Two vessels A and B of equal volume V₀ are connected by a narrow tube that can be closed by a valve. The vessels are fitted with pistons that can be moved to change the volumes. Initially, the valve is open and the vessels contain an ideal gas (C_p/C_v = γ) at atmospheric pressure p₀ and atmospheric temperature T₀. The walls of vessel A are diathermic and those of B are adiabatic. The valve is now closed and the pistons are slowly pulled out to increase the volumes of the vessels to double the original value. (a) Find the temperatures and pressures in the two vessels. (b) The valve is now opened for sufficient time so that the gases acquire a common temperature and pressure. Find the new values of the temperature and pressure.

Answer 1

Initial pressure of the gas in both the vessels = P₀
Initial temperature of the gas in both the vessels = T₀
Initial volume = V₀
$\frac{\mathrm{C}p}{\mathrm{C}v}=\gamma$

(a) The temperature inside the diathermic vessel remains constant. Thus,
P₁V₁ = P₂V₂
⇒ P₀V₀ = P₂ × 2V₀
$\Rightarrow P_2=\frac{P_0}{2}$
Temperature = T₀
The temperature inside the adiabatic vessel does not remain constant.
So, for an adiabatic process,
T₁V₁^γ−1 = T₂V₂^γ−1
⇒ T₀V₀^γ−1 = T × (2V₀)^γ−1
⇒ T₂ = T₀ × 2^1−γ
⇒ P₁V₁^γ = P₂V₂^γ
P₀V₀^γ = P₂ × (2V₀)^γ
$\Rightarrow P_2=\left(\frac{P_0}{2^{\gamma }}\right)$

(b) When the valves are open, the temperature remains T₀ throughout, i.e. T₁ = T₂ = T₀ .
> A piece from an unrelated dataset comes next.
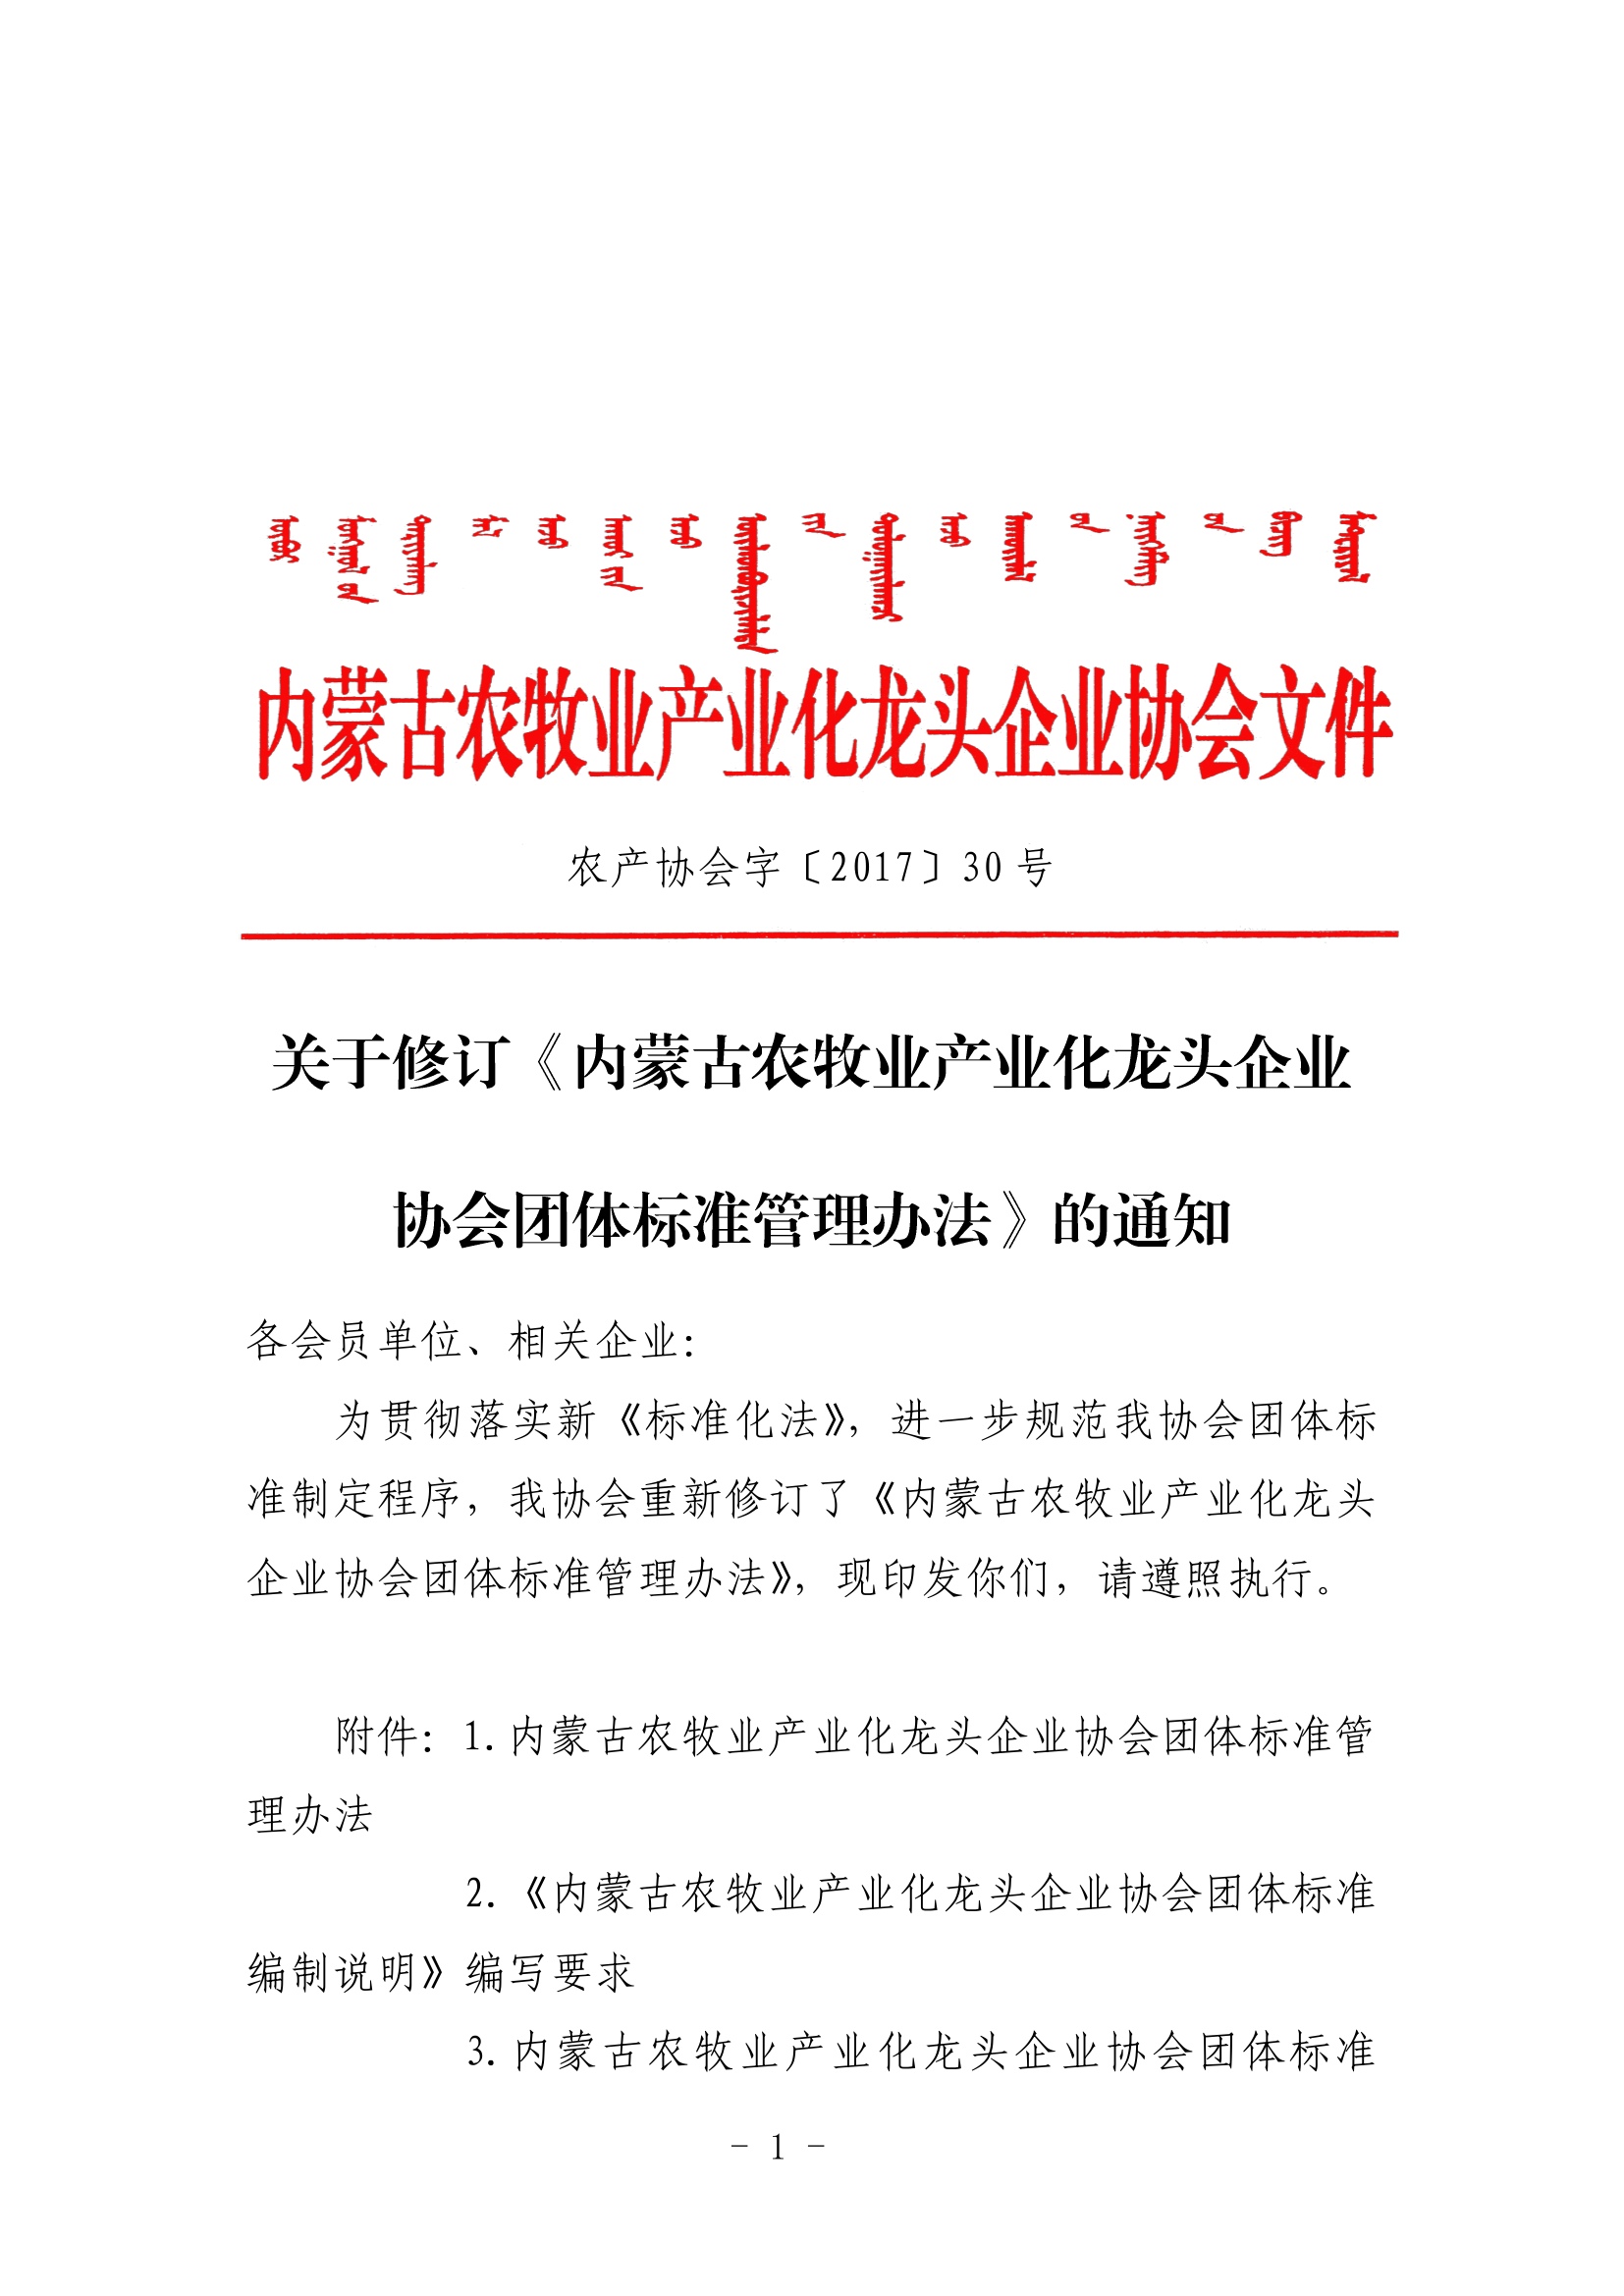 关于修订《内蒙古农牧业产业化龙头企业协会团体标准管理办法》的通知

Also, pressure will be same throughout. Thus, P₁ = P_2. As, temperature has not changed on side 1, so pressure on this side will also not change (volume is also fixed due to fixed piston) and will be equal to $P_0$ (pressure is an intrinsic variable).
On side 2, pressure will change to accommodate the changes in temperature on this side.
So, P₀ = P₁ + P₂
⇒ 2P₁ = 2P₂
So, P₁ = P₂ = $\frac{{\mathrm{P}}_0}{2}$